When you download it, the jar comes in two flavours, Windows and Linux (mac). There isn’t any difference, it is just the Linux (mac) version is a tar/gz rather than an exe installer that copies the files somewhere. I use the tar/gz version even on windows.
If you extract the driver somewhere, the jar for spark we need is called “mssql-JDBC-7.0.0.jre8.jar”, and so when we start our spark job (spark-shell or spark-submit) we need to pass in the full path to the jar file:
--jars "file:/C:/spark/drivers%20here/sqljdbc_7.0/chs/mssql-jdbc-7.0.0.jre8.jar"
This means that spark can now look inside that jar and find the driver for " com.microsoft.sqlserver.jdbc.SQLServerDriver".
Windows Authentication
If you are on windows you can also get windows authentication to work if you don’t want to use a username and password with SQL authentication. To get it to work you need to do two things, firstly include in the url that you want to use integrated security and remove the username and password options:
DataFrame dataFrame = spark.Read()
.Format("jdbc")
.Option("url","jdbc:sqlserver://localhost;databaseName=dName; integratedSecurity=true;")

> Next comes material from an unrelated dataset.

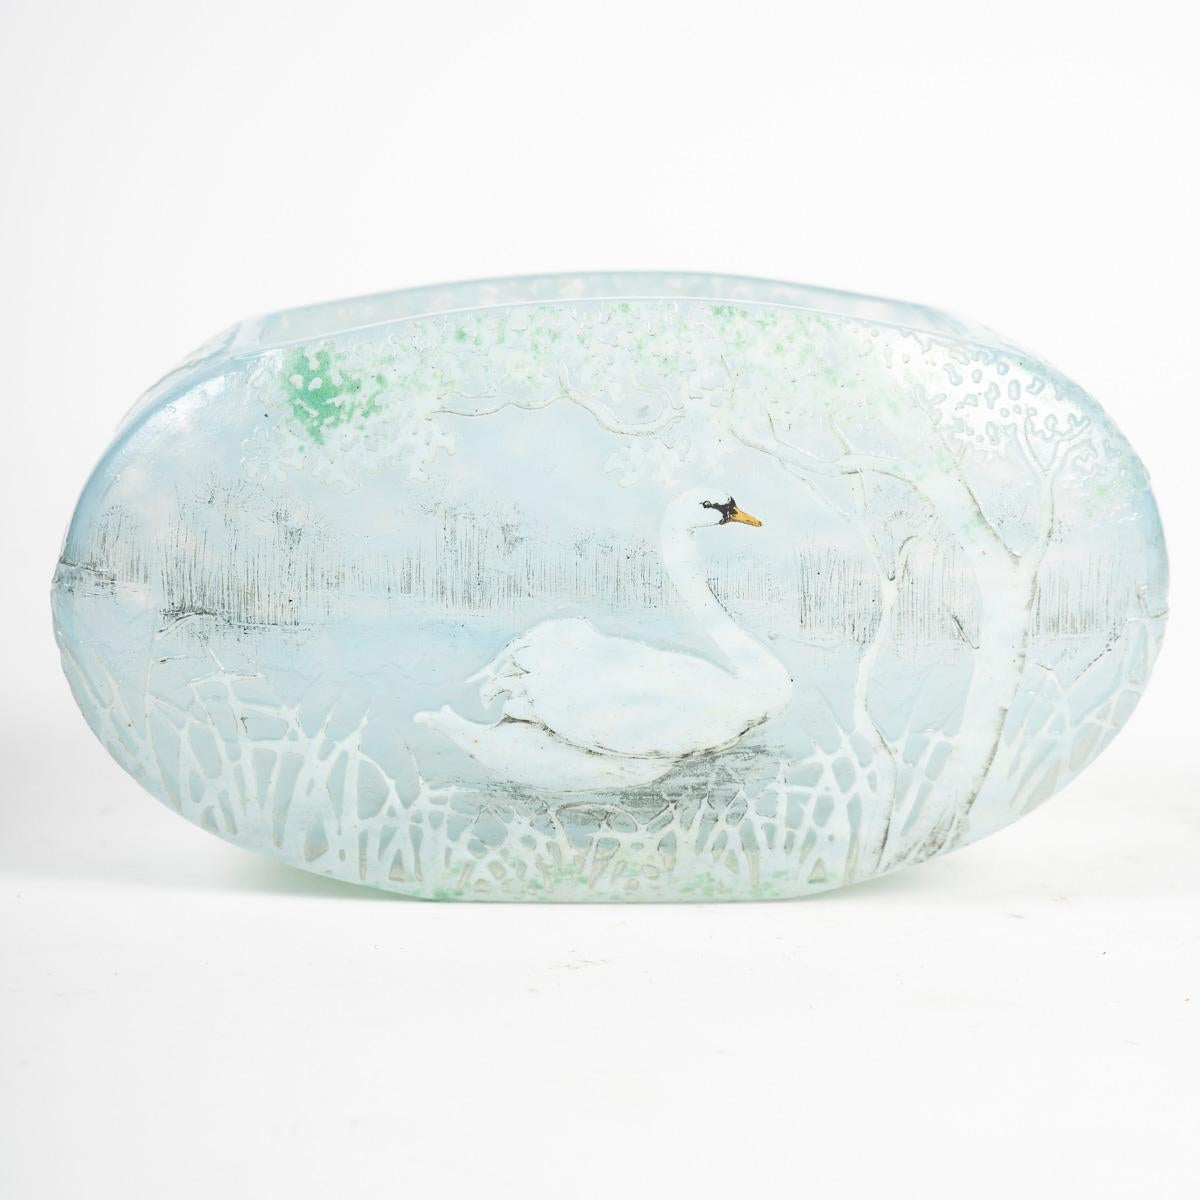 French Daum Nancy - Rare Jardinière-shaped Vase With Swan Decor, Art Nouveau Glass For Sale

.Option("driver", "com.microsoft.sqlserver.jdbc.SQLServerDriver")
.Option("dbtable", "schema.table_name")
.Load();
The JDBC driver ships with a dll called “sqljdbc_auth.dll”, the driver has a 32-bit or 64-bit version, and hopefully you are using the 64-bit version of the JRE but whichever version you have you need to make sure that the folder that contains the dll is on your path environment variable.

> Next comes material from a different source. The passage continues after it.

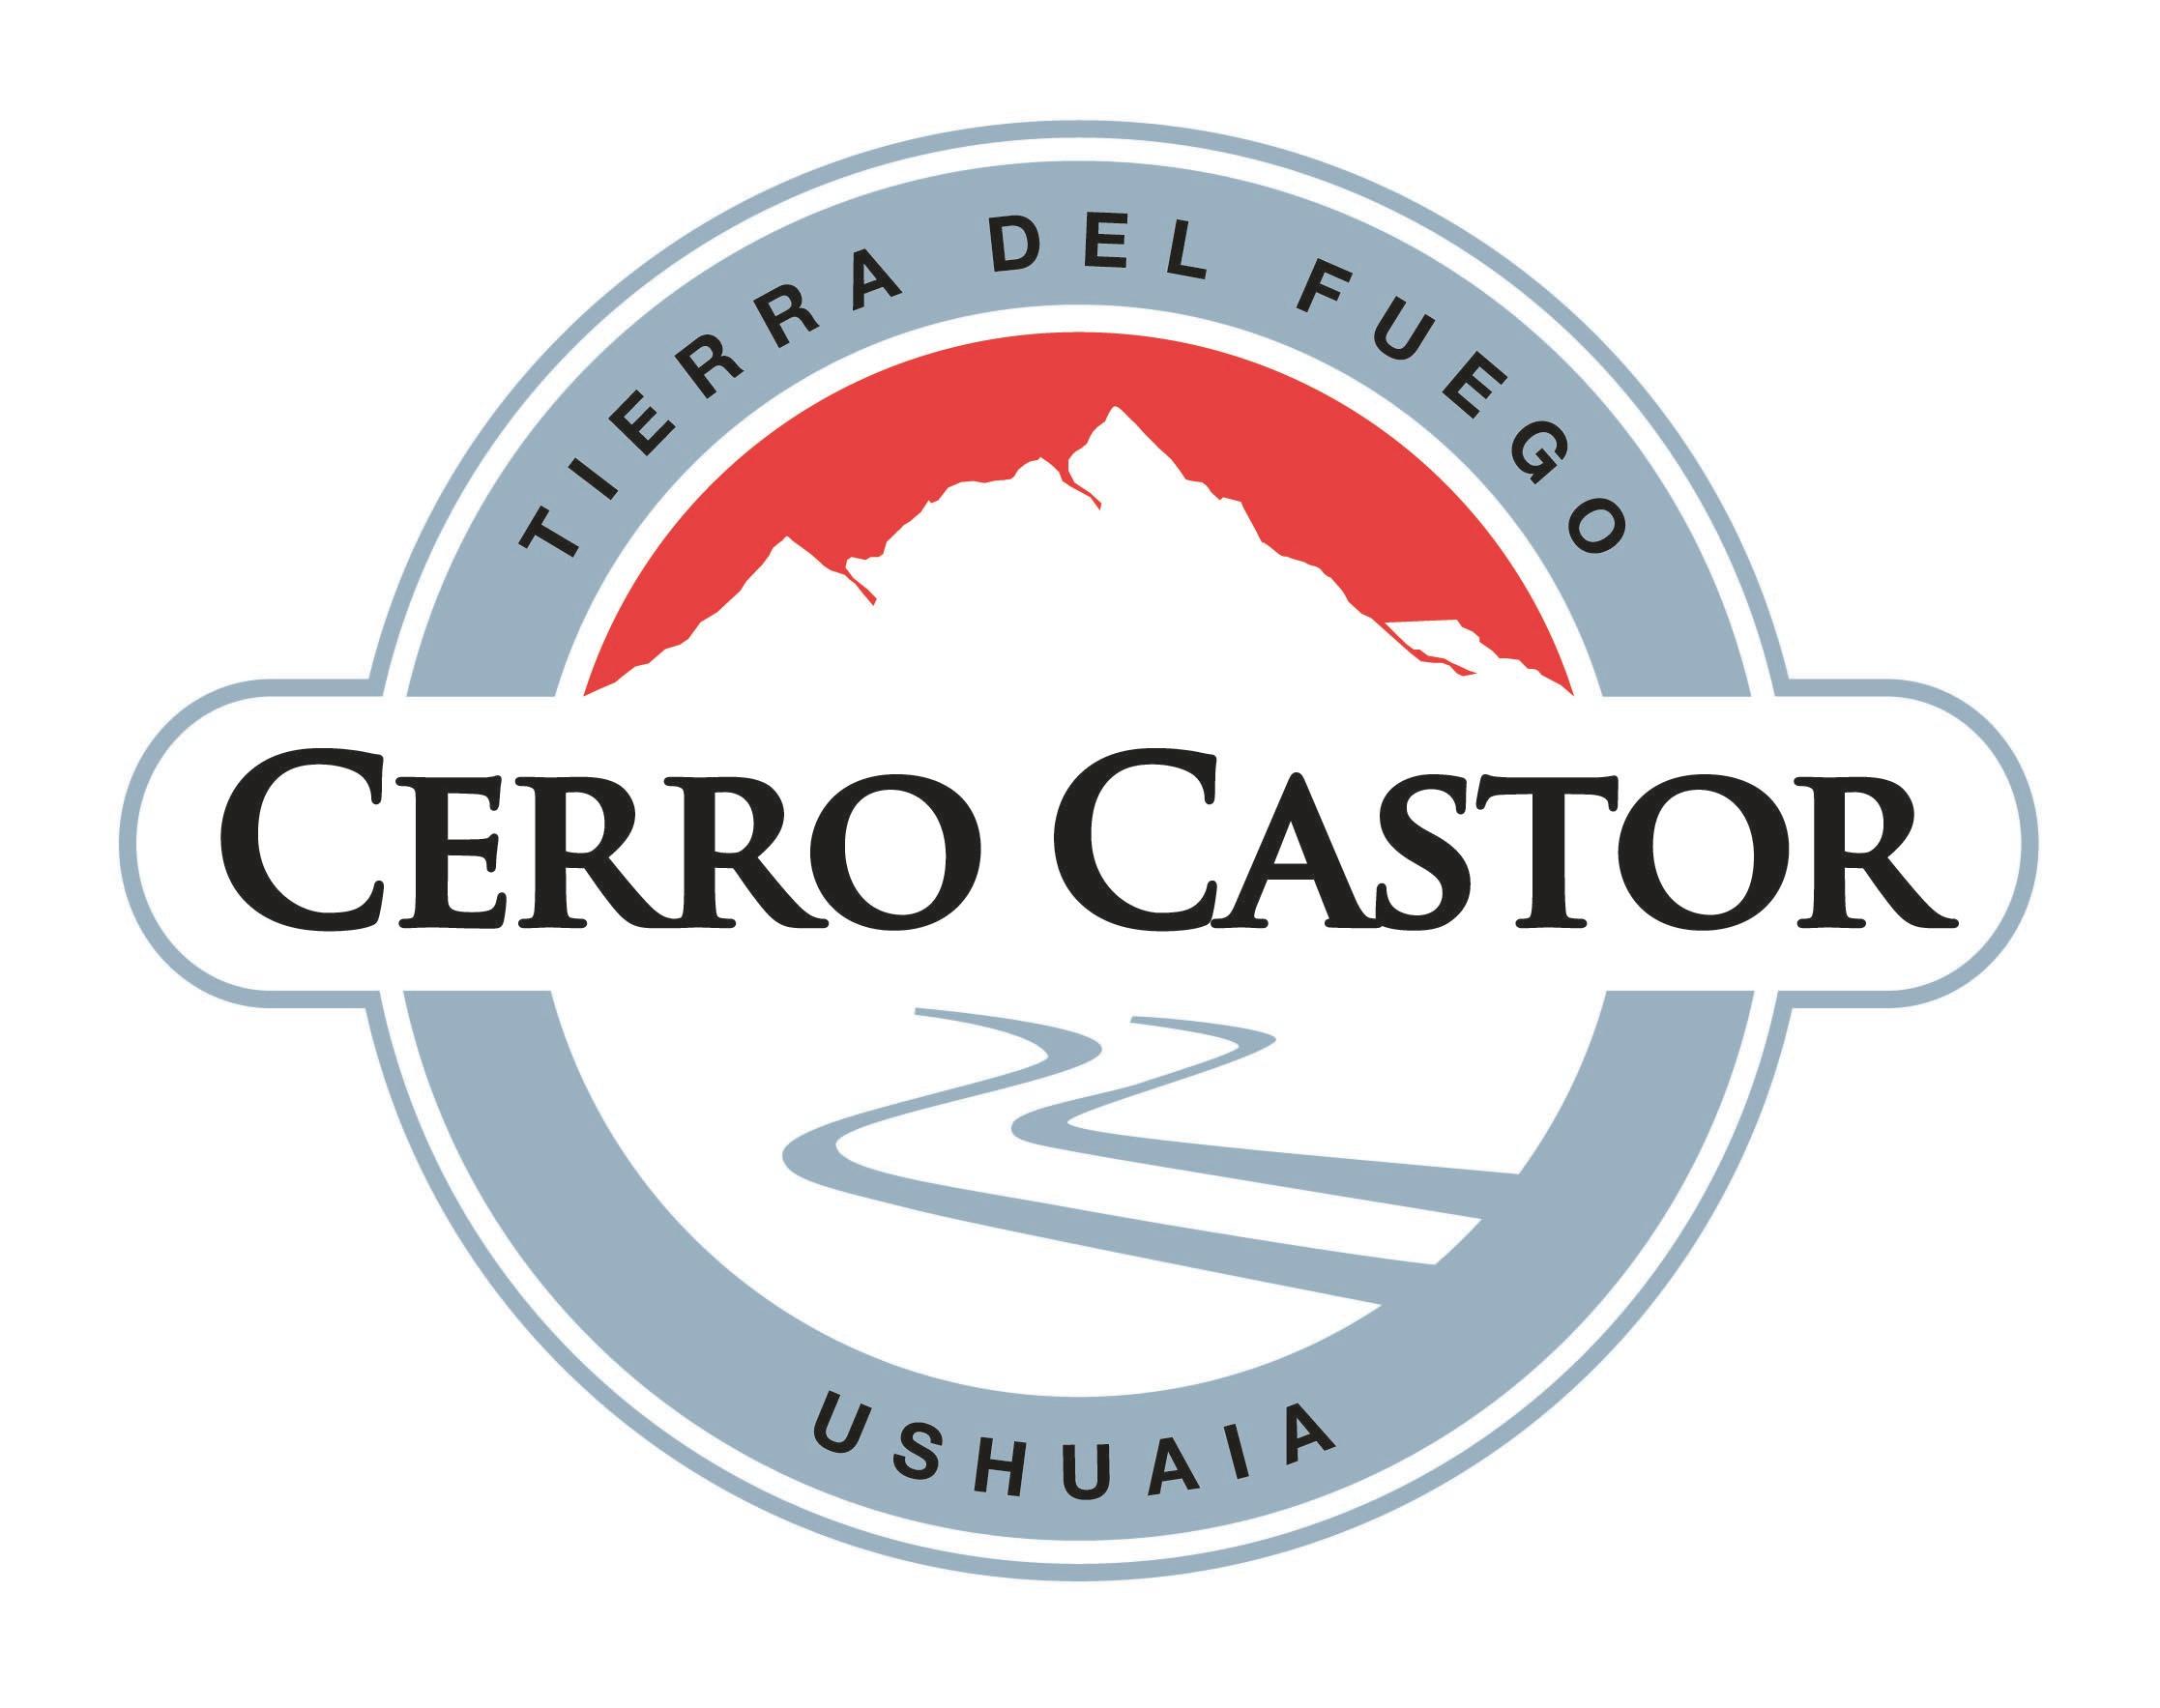 Cerro Castor logo

For example, my “sqljdbc_auth.dll” is in this folder:
“C:\spark\drivers here\sqljdbc_7.0\chs\auth\x64”
So my path statement when I start spark (spark-submit or spark-shell) has to have “C:\spark\drivers here\sqljdbc_7.0\chs\auth\x64” on it.

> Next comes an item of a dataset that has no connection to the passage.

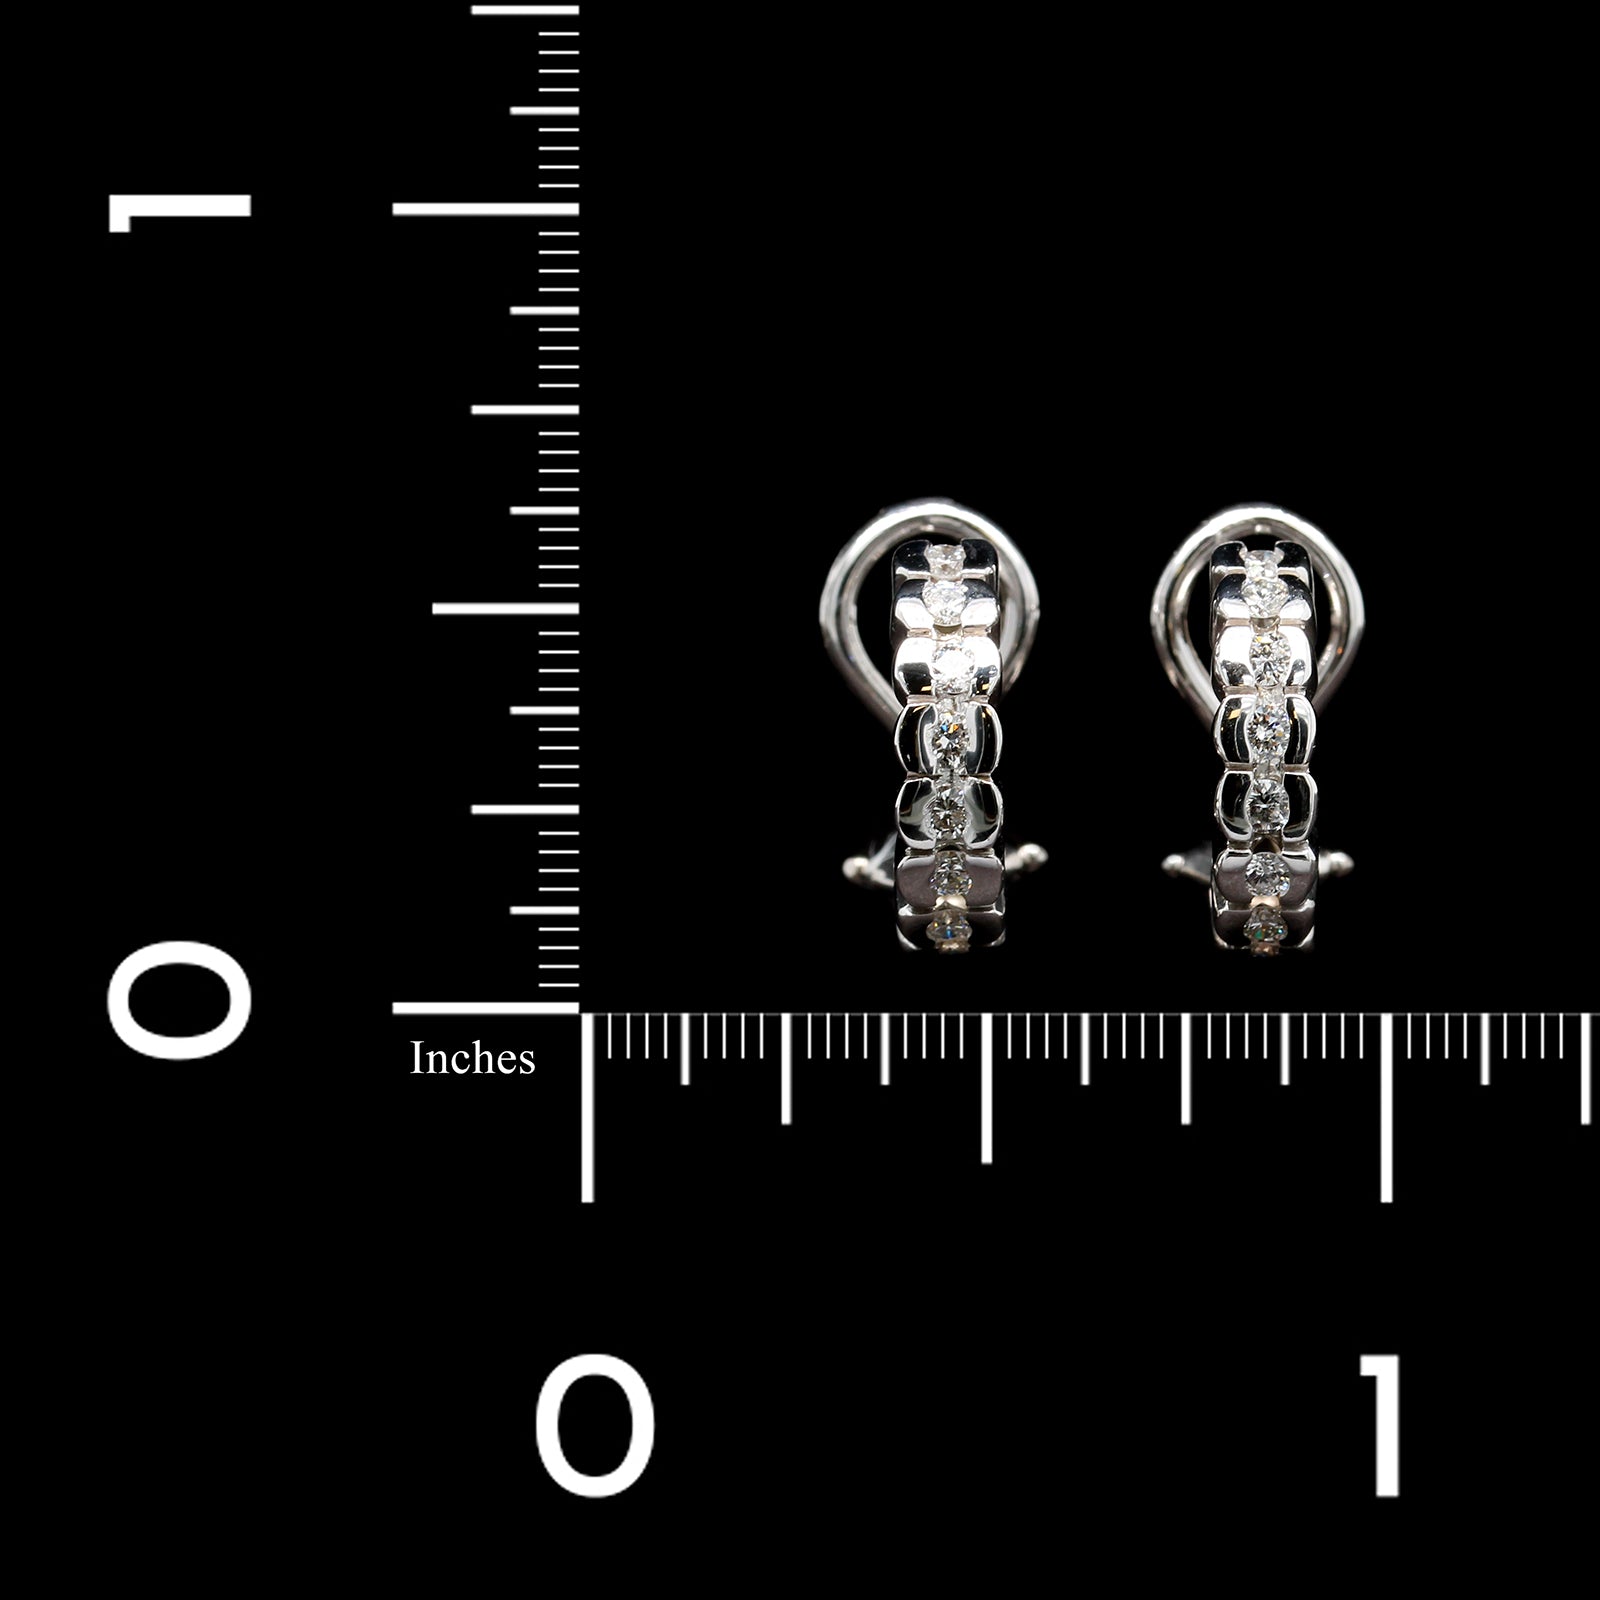 14K White Gold Estate Diamond Earrings

SET PATH=C:\spark\drivers here\sqljdbc_7.0\chs\auth\x64;%PATH%
Once that is all done I can connect using windows authentication, I am not sure how it would work on Mac or Linux so submitting to a cluster might be hard (impossible to use windows auth??), be prepared to use SQL auth if you have to - the databricks docs for connecting to SQL server use a username and password so I doubt it is possible, would love to be corrected if anyone knows better 😊